## [WHAT YOU HAVE TO DO]
The answer must give back every line of the data exactly, with no pictures.

## [DATA UNDER STUDY]
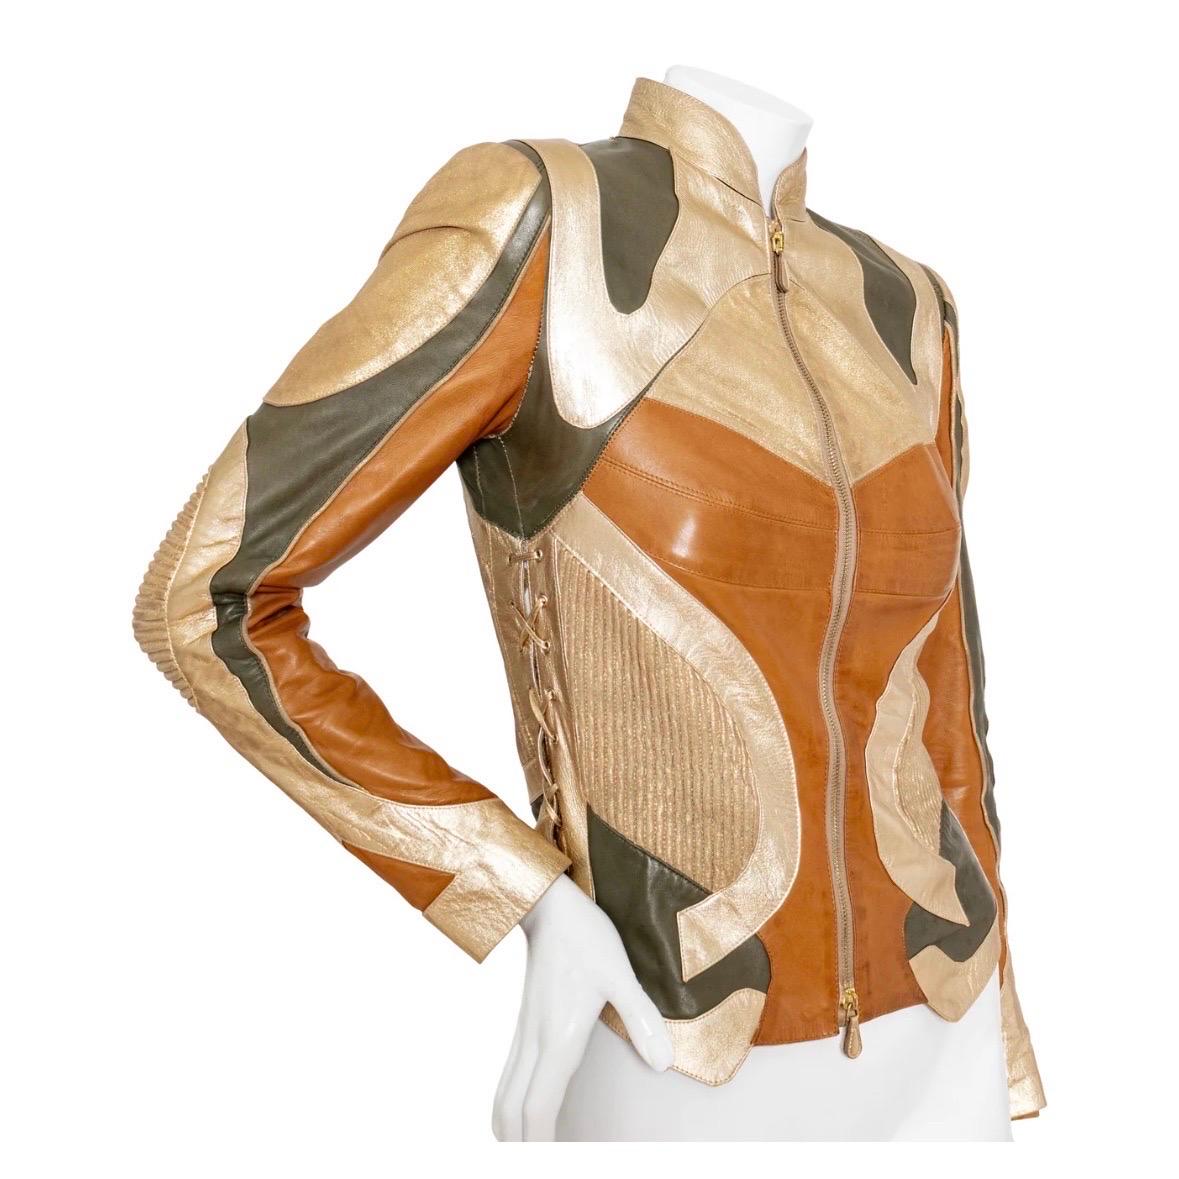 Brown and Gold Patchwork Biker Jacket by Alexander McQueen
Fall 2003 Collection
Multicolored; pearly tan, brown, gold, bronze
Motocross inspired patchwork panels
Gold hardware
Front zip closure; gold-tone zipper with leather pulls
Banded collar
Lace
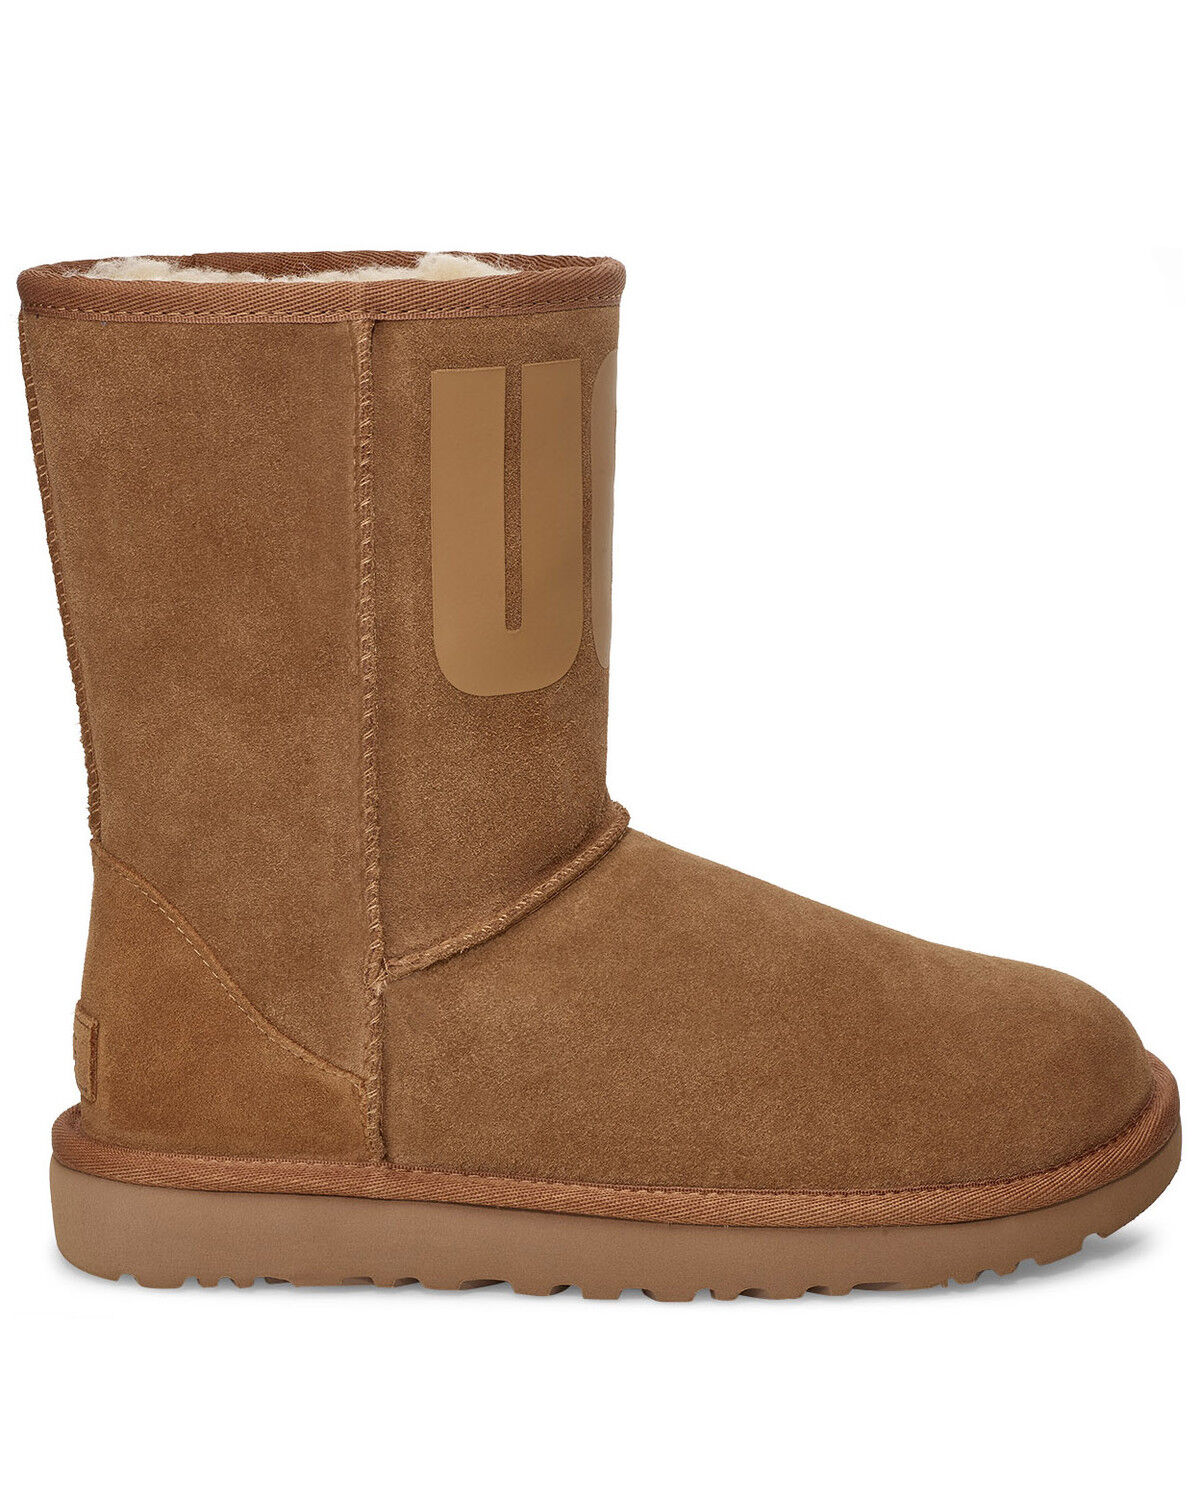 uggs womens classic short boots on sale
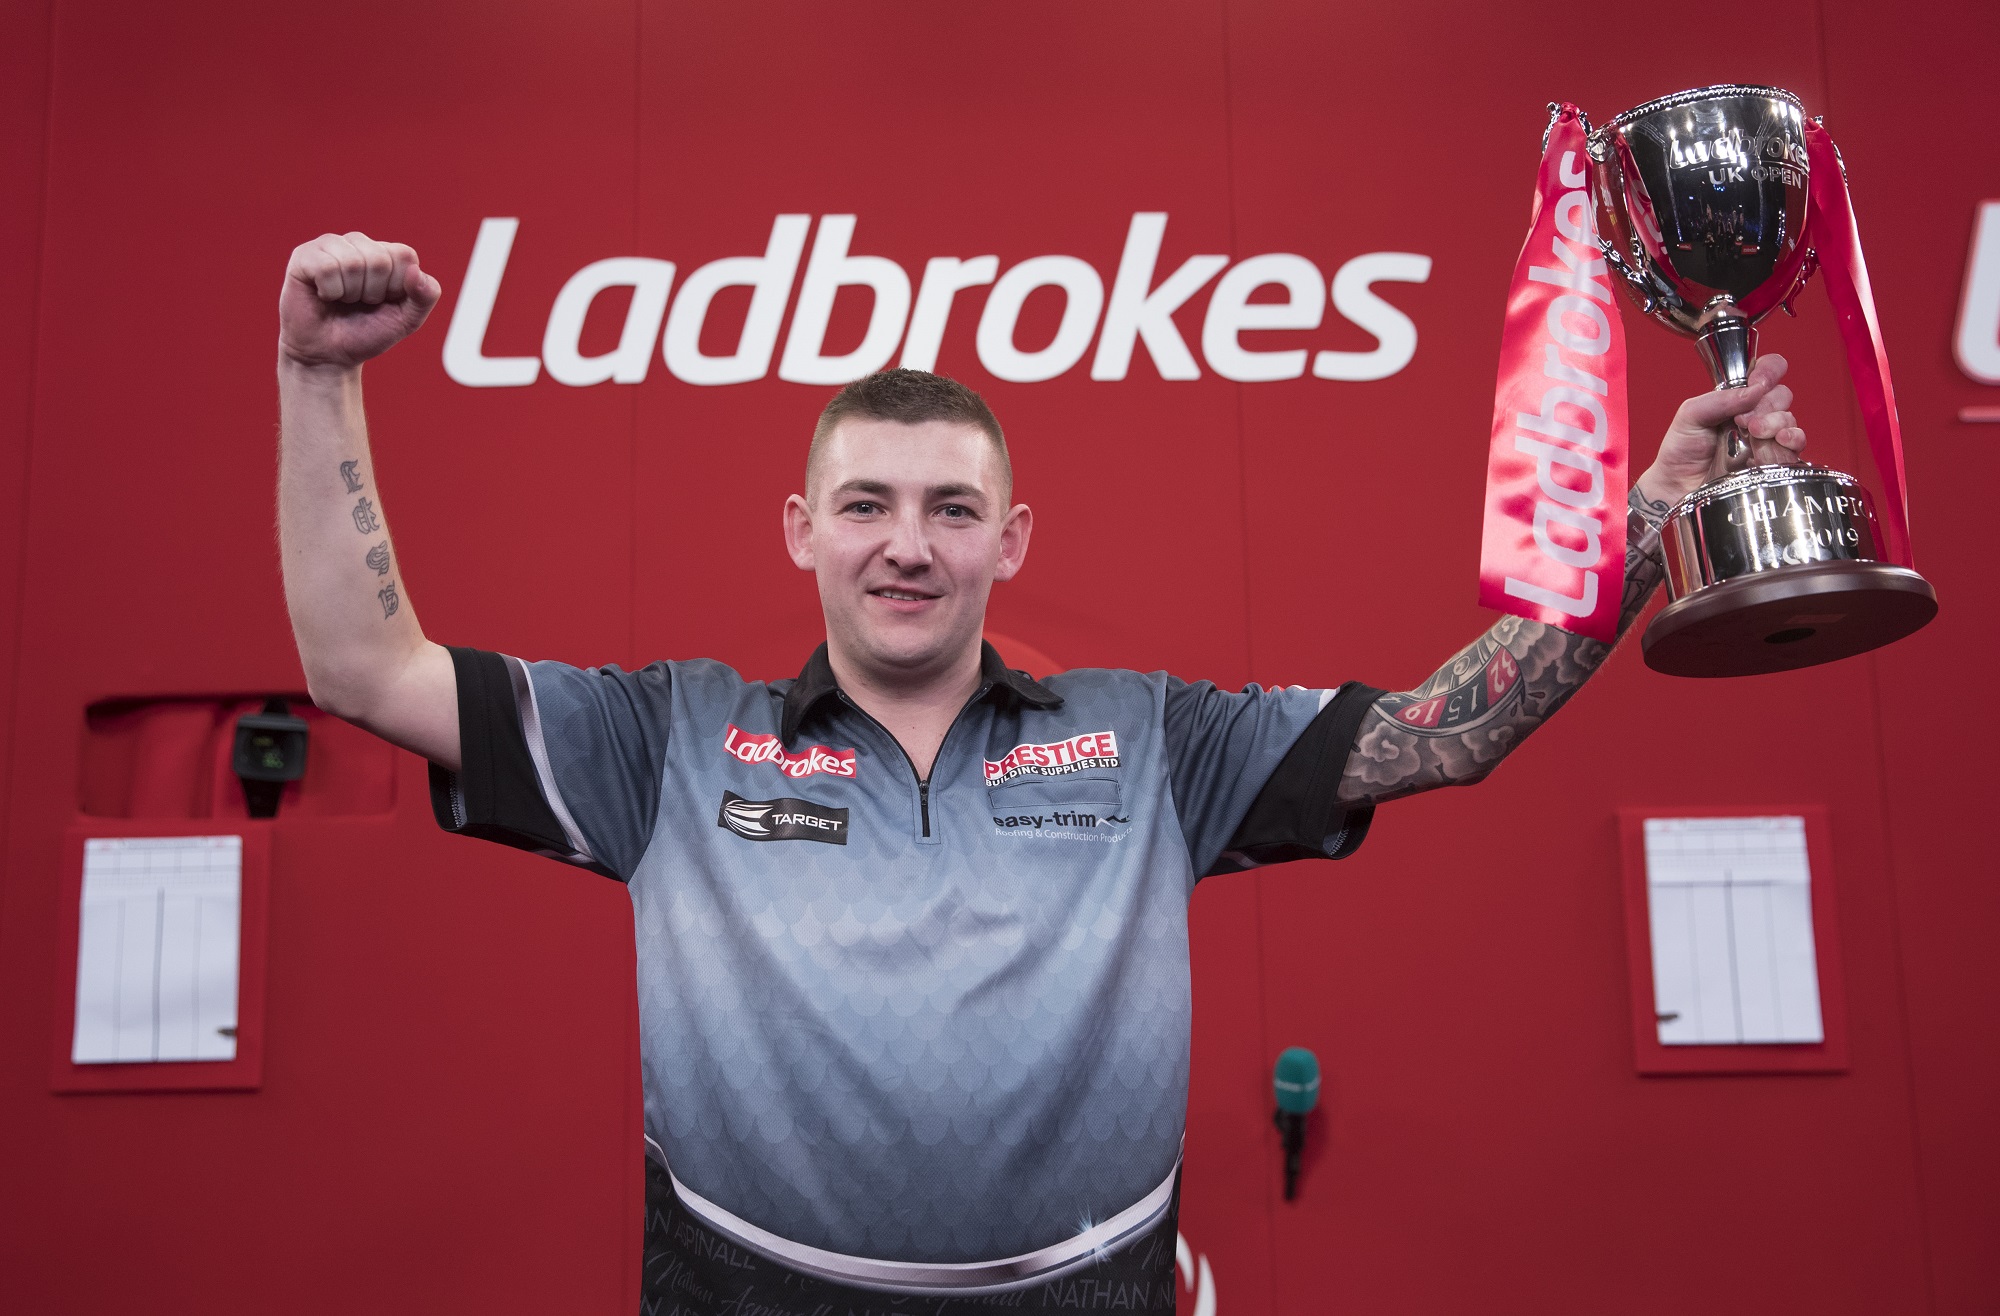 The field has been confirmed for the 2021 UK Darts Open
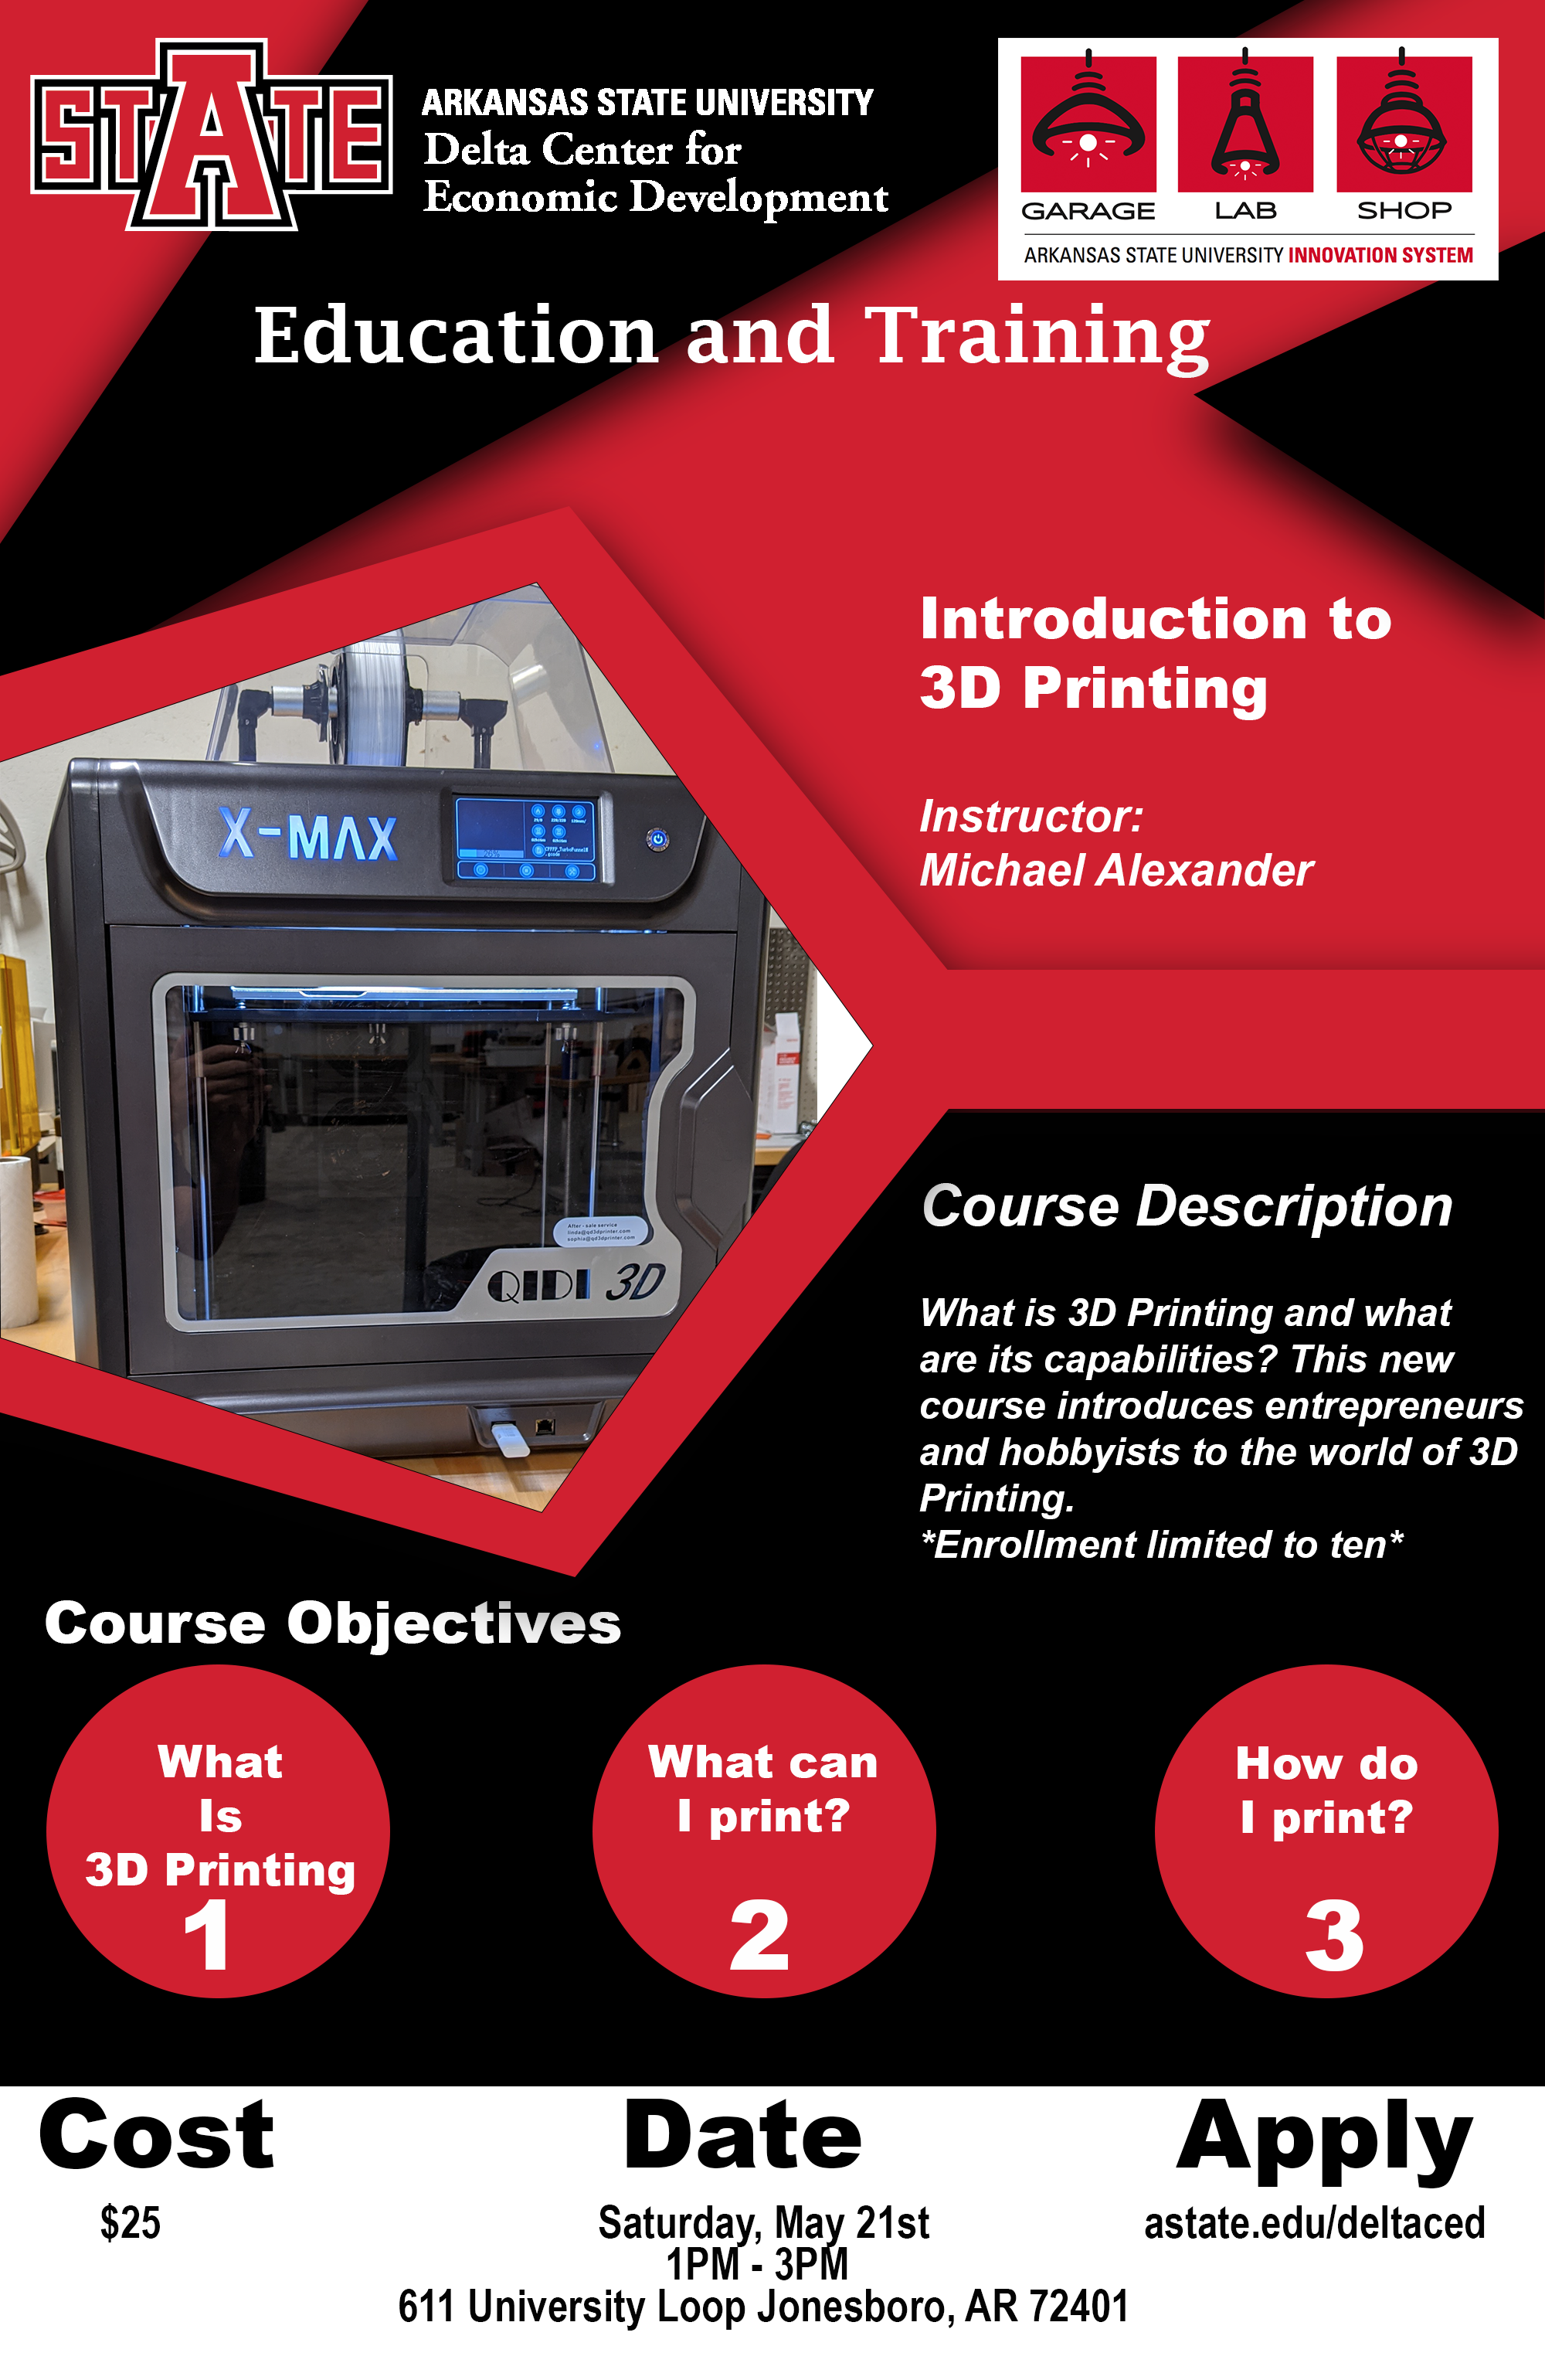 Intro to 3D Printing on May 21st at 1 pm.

## [SOLUTION FOR THIS TASK]
 Brown and Gold Patchwork Biker Jacket by Alexander McQueen
Fall 2003 Collection
Multicolored; pearly tan, brown, gold, bronze
Motocross inspired patchwork panels
Gold hardware
Front zip closure; gold-tone zipper with leather pulls
Banded collar
Lace
 uggs womens classic short boots on sale
 The field has been confirmed for the 2021 UK Darts Open
 Intro to 3D Printing on May 21st at 1 pm.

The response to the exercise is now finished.